**WHAT YOU HAVE TO DO**
Leaving out the images, reproduce every line of the data that follows exactly.

**STORED DATA**
Start of Block

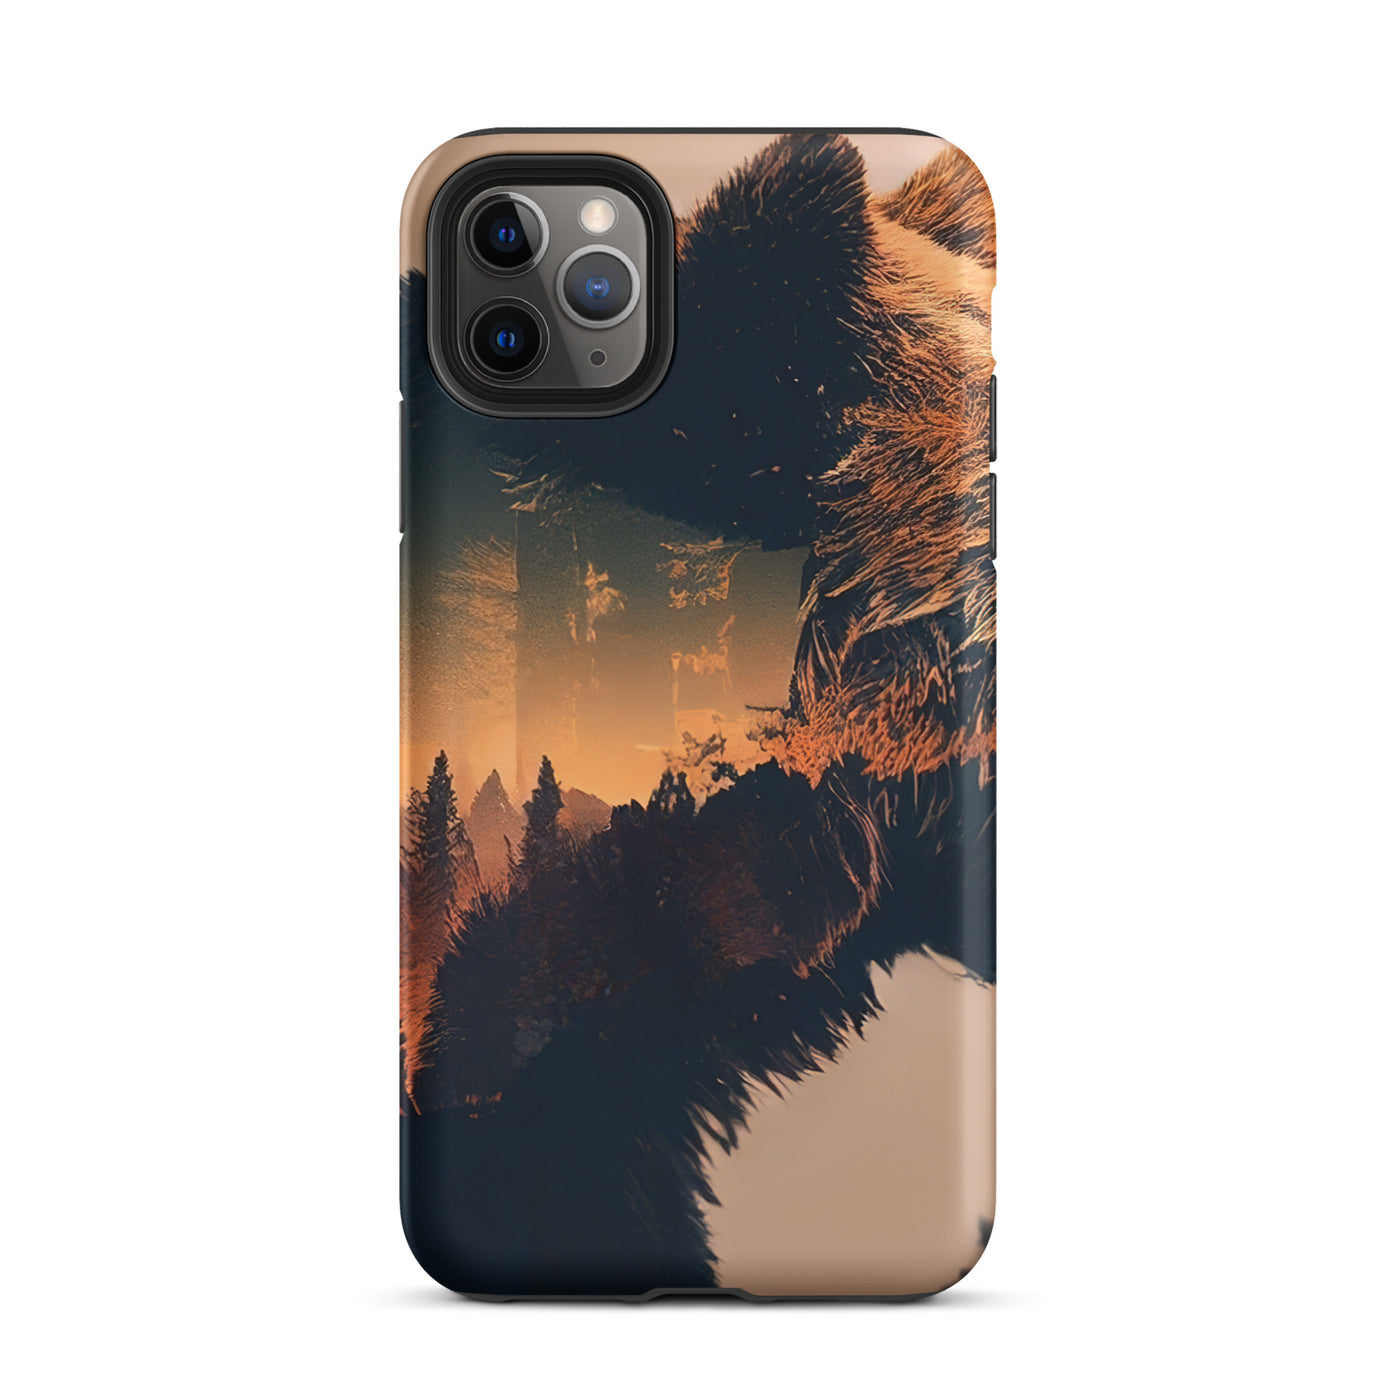 Bär und Bäume Illustration - iPhone Schutzhülle (robust) camping xxx iPhone 11 Pro Max
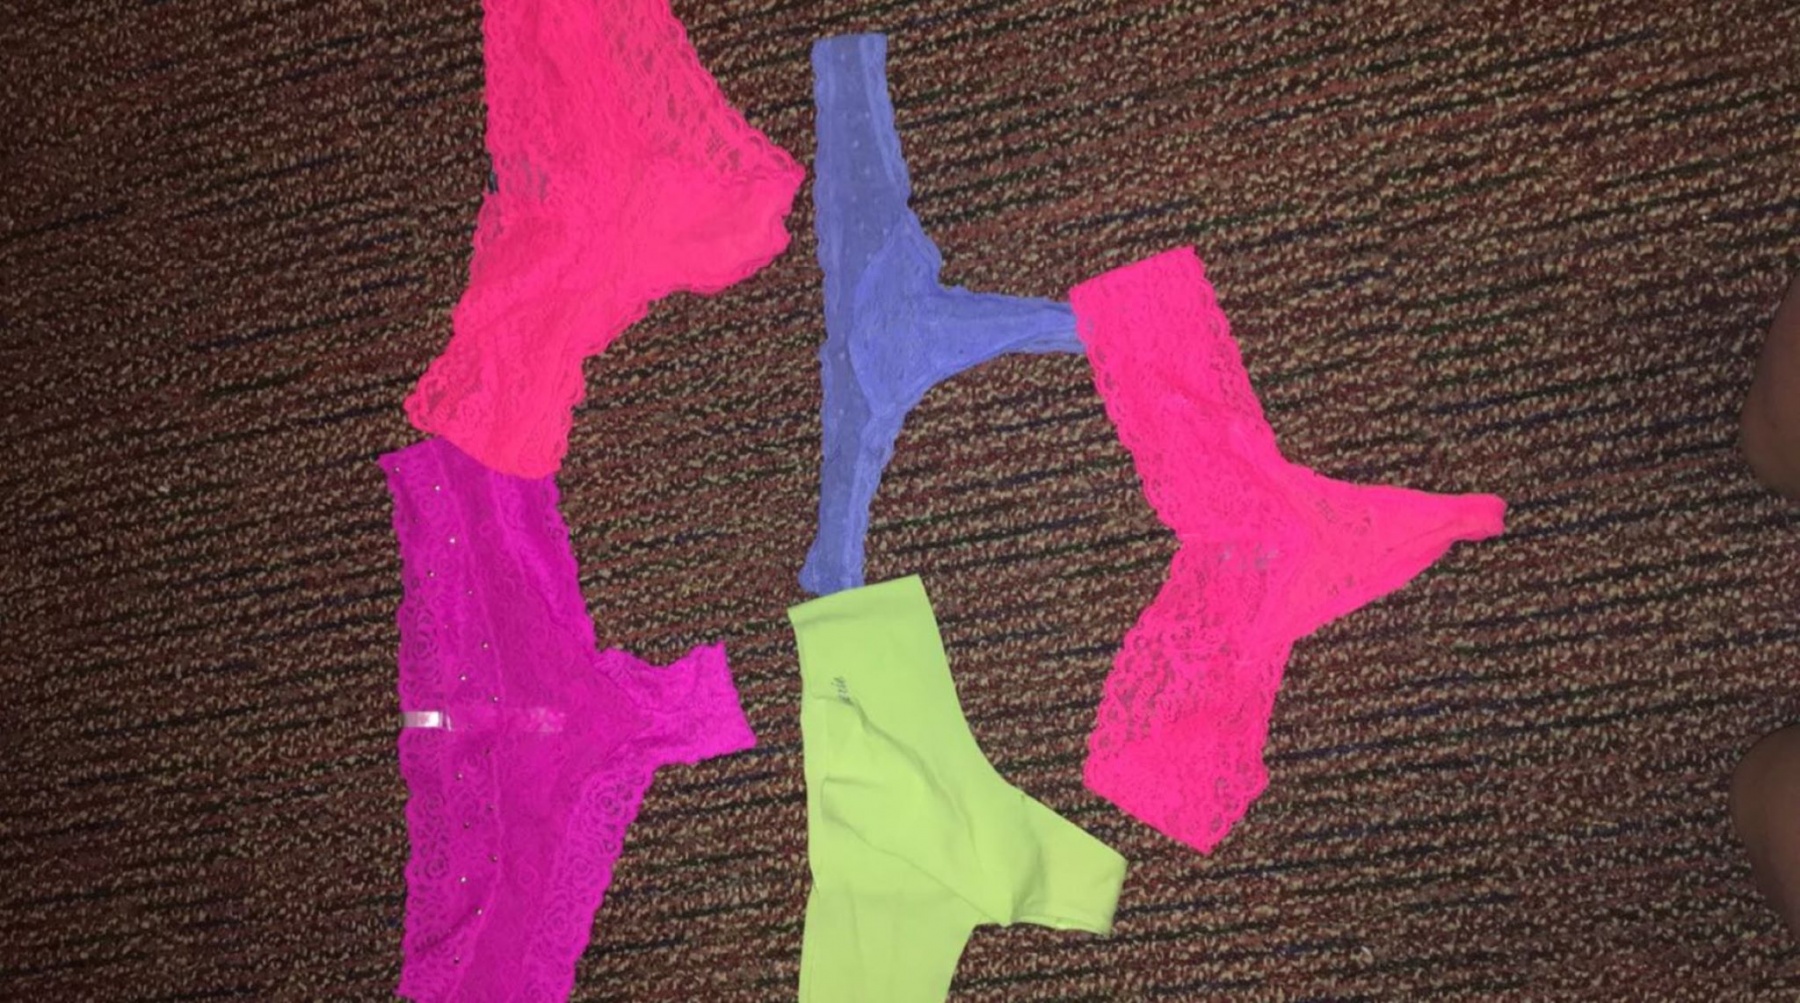 5 pairs of used panties
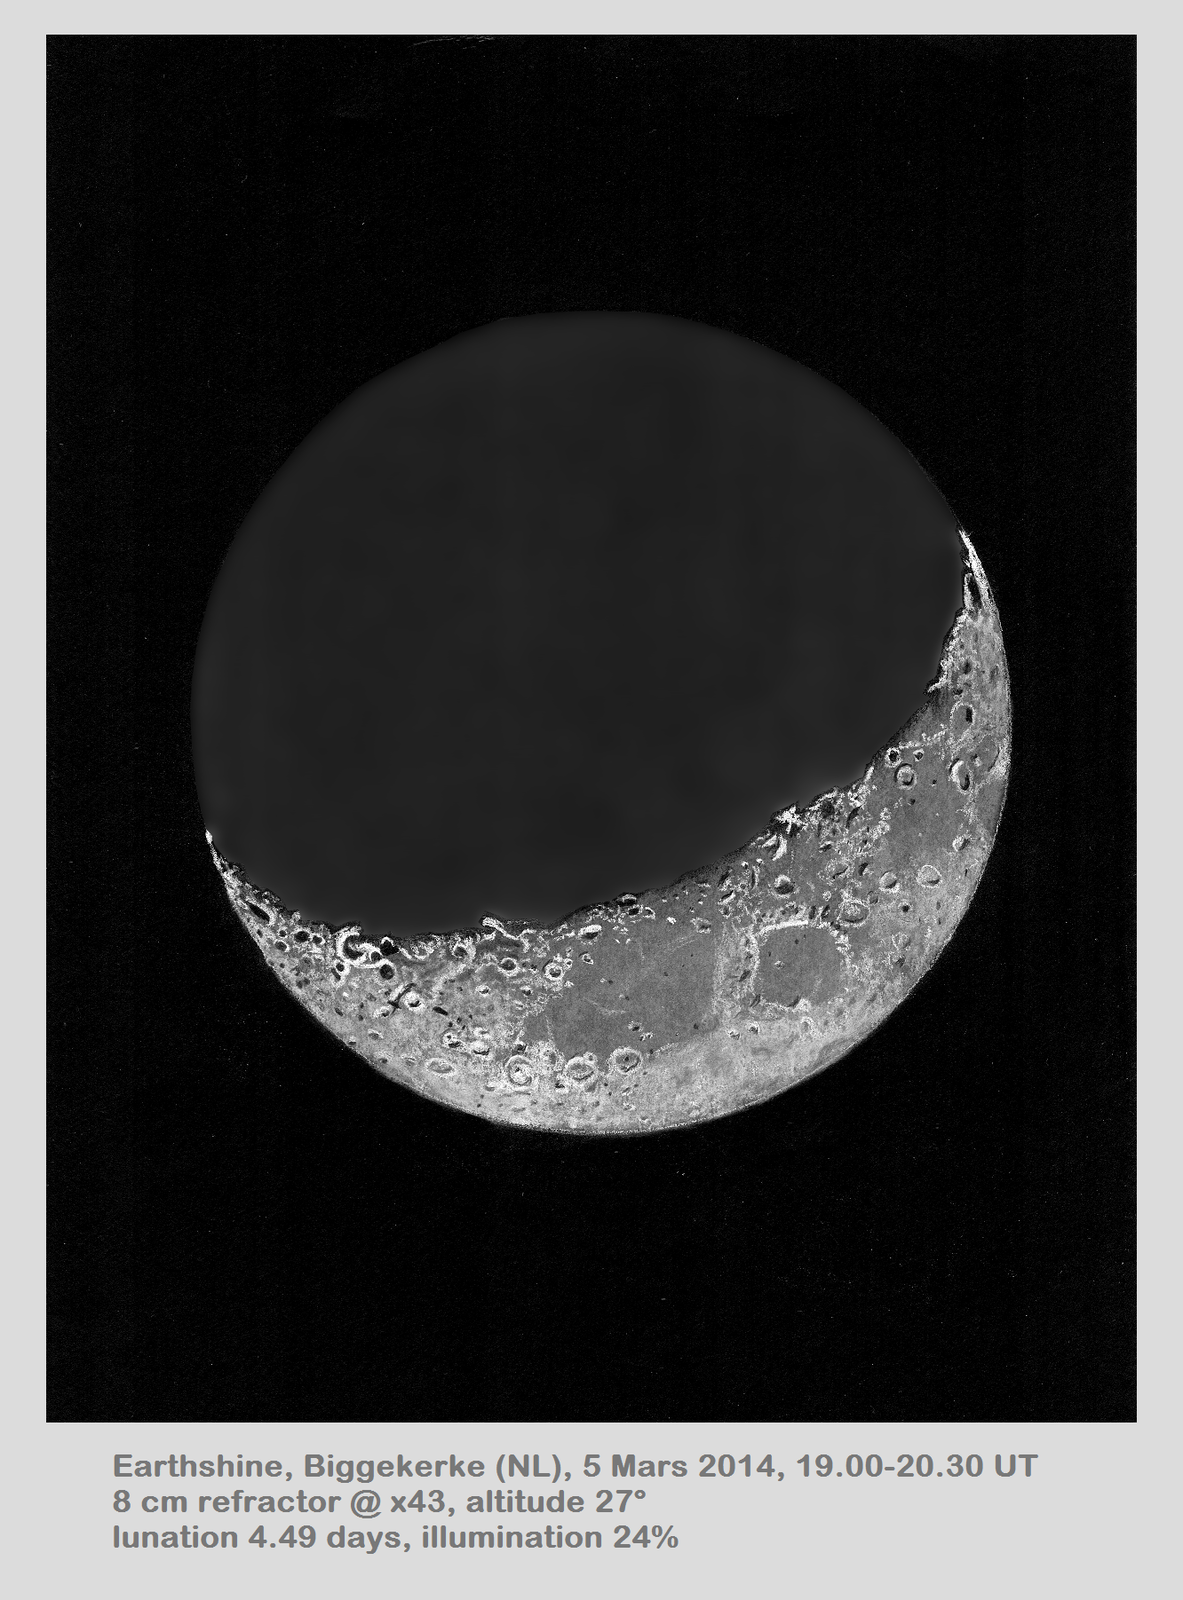 Lunar 002: Earthshine (twice reflected sunlight)

End of Block

**ANSWER BELOW**
 Bär und Bäume Illustration - iPhone Schutzhülle (robust) camping xxx iPhone 11 Pro Max
 5 pairs of used panties
 Lunar 002: Earthshine (twice reflected sunlight)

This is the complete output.